May be we should concentrate more on making the OM more a Stax event
store if that pays off :) But we should to bit of comparing first of
all. thoughts?
Cheers
Srinath






On Tue, 02 Nov 2004 01:13:21 -0800, Dennis Sosnoski <dm...@sosnoski.com> wrote:
> I spent the weekend catching up with the last couple of months of Axis
> emails and saw some of the activity around the OM. I have a few thoughts
> I wanted to offer on this.
> 
> First off, if you really want to keep performance high then I urge you
> not to build a model. I'd instead suggest something like a parse event
> store that you can replay on demand using StAX, SAX, or custom APIs.
> Models are expensive in terms of both time and memory. There's been talk
> of integrating in XMLBeans, and I know XMLBeans already has some form of
> backing event store for everything it does. I haven't looked into the
> performance of XMLBeans, but something like that backing store would
> probably be a great basis for what you need (and even has XPath and such
> already implemented on top of it).
> 
> I've also implemented a simple parse event store for my XBIS project
> (http://www.xbis.org - the parse event store is currently designed
> around SAX, and can be found in the eventstore package
> http://xbis.sourceforge.net/api/index.html). This gave excellent
> performance (I think replaying the event stream at least 10X parser
> speed) at a resonable memory cost (about 2X the actual size of the
> document text for the cases I looked at) without much work on
> optimization. Working with even an efficient document model is likely
> going to be both considerably slower and considerably heavier in memory
> usage.
> 
> The real limitation I saw for a parse event store was just that the
> parser APIs are inefficient for working with the data - attributes have
> to be kept as memory-consuming Strings rather than just character
> ranges, and in the case of SAX have to be organized into structures for
> reporting; namespaces are passed in the form of URIs and prefixes rather
> than objects (forcing applications to go through the same work the
> parser has done to associate the two); etc. If you actually designed a
> parse event stream interface rather than working with either SAX or StAX
> you could probably push the efficiency even higher (in other words, use
> the event store as an adapter between the parser and your own internal
> event stream API).
> 
>   - Dennis
>

Re: [Axis2] OM

Posted by Dennis Sosnoski <dm...@sosnoski.com>.

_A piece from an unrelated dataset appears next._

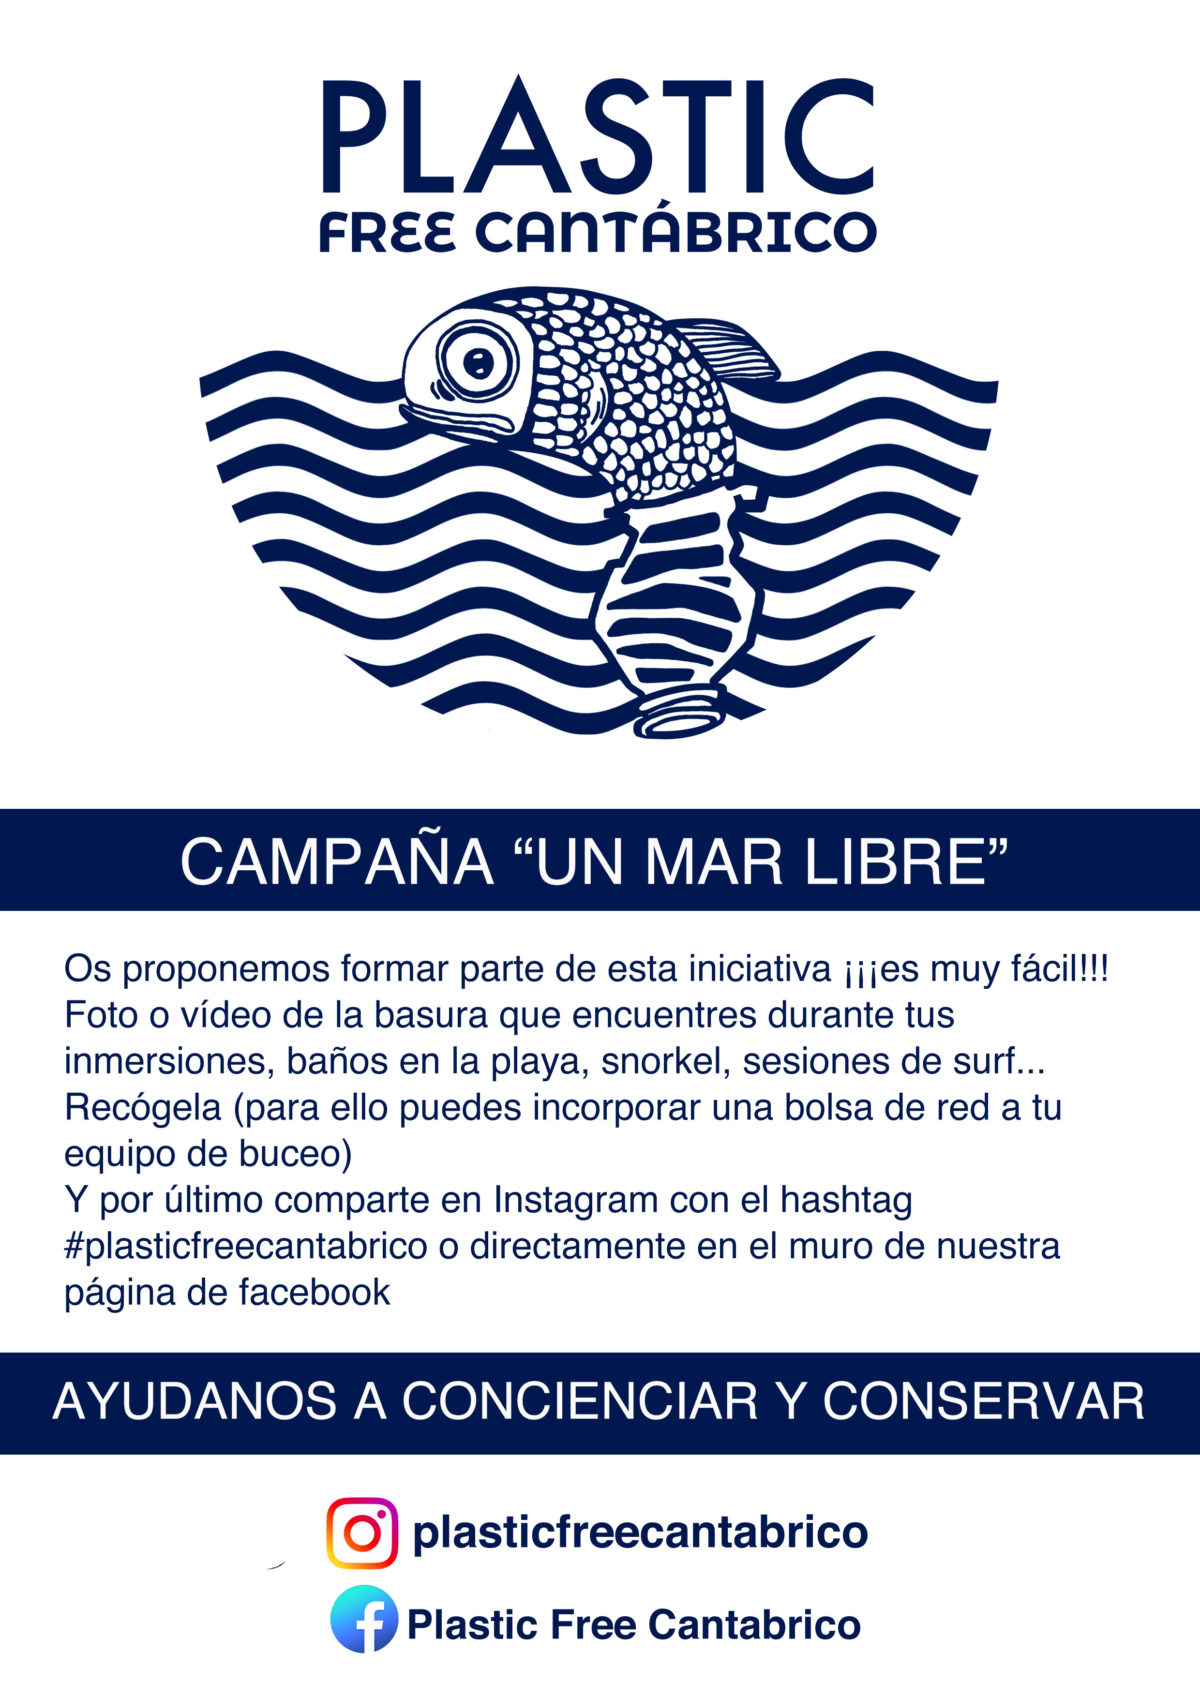 Plastic Free Cantabrico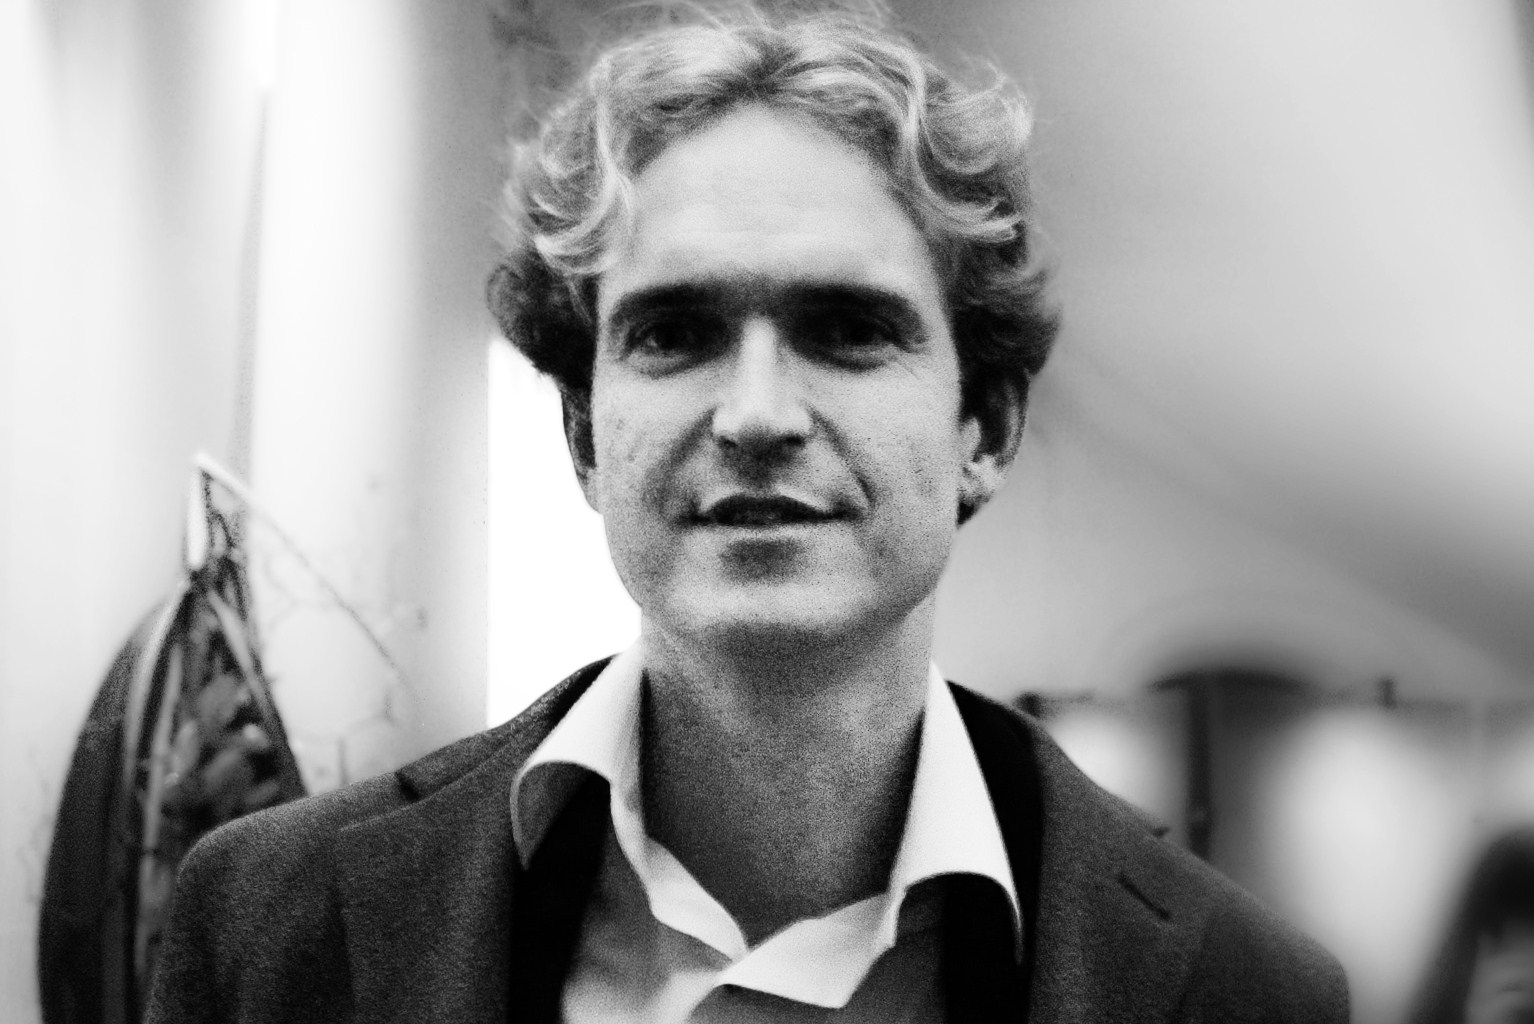 Rencontre avec Fabrice Humbert – Seconde partie

Sanjiva Weerawarana wrote:

>Hi Dennis,
>
>One of the reasons I'm very gung-ho about using a typed StAX approach
>is to enable one to do a schema-aware binary serialization of the
>type aware XML Infoset. Is the binary serialization you've defined
>schema aware? I know that's somewhat controversial (at least in IBM!)..
>so I'd be curious to know where you stand on it.
>  
>
I don't personally see that much need for schema-aware binary 
serializations. They can certainly be more efficient than generic XML 
serializations, but the cost of giving up XML compatibility seems high 
to me. Sun made a big deal of their performance gains from schema-aware 
serializations in Fast Web Services, but I get even better performance 
out of my JibxSoap framework while still using ordinary text XML (as far 
as I can tell - they don't publish source code, so I can't actually try 
it with the same data). See 
http://www.sosnoski.com/presents/cleansoap/comparing.html for details 
(which I'm planning to update with Axis 1.2 final whenever that's out). 
I guess the moral is that there are many other areas where performance 
can be improved before text becomes a real bottleneck in most systems.

I would like to see a format like XBIS that could be plugged in just 
like gzip compression over the wire. I think for many applications the 
tradeoffs of a text-preserving format that's both faster and more 
compact than plain text would be very useful. Unfortunately, Sun and 
that crowd are pushing the schema-aware serializations, while other 
groups are unwilling to see anything other than text (or gzipped text).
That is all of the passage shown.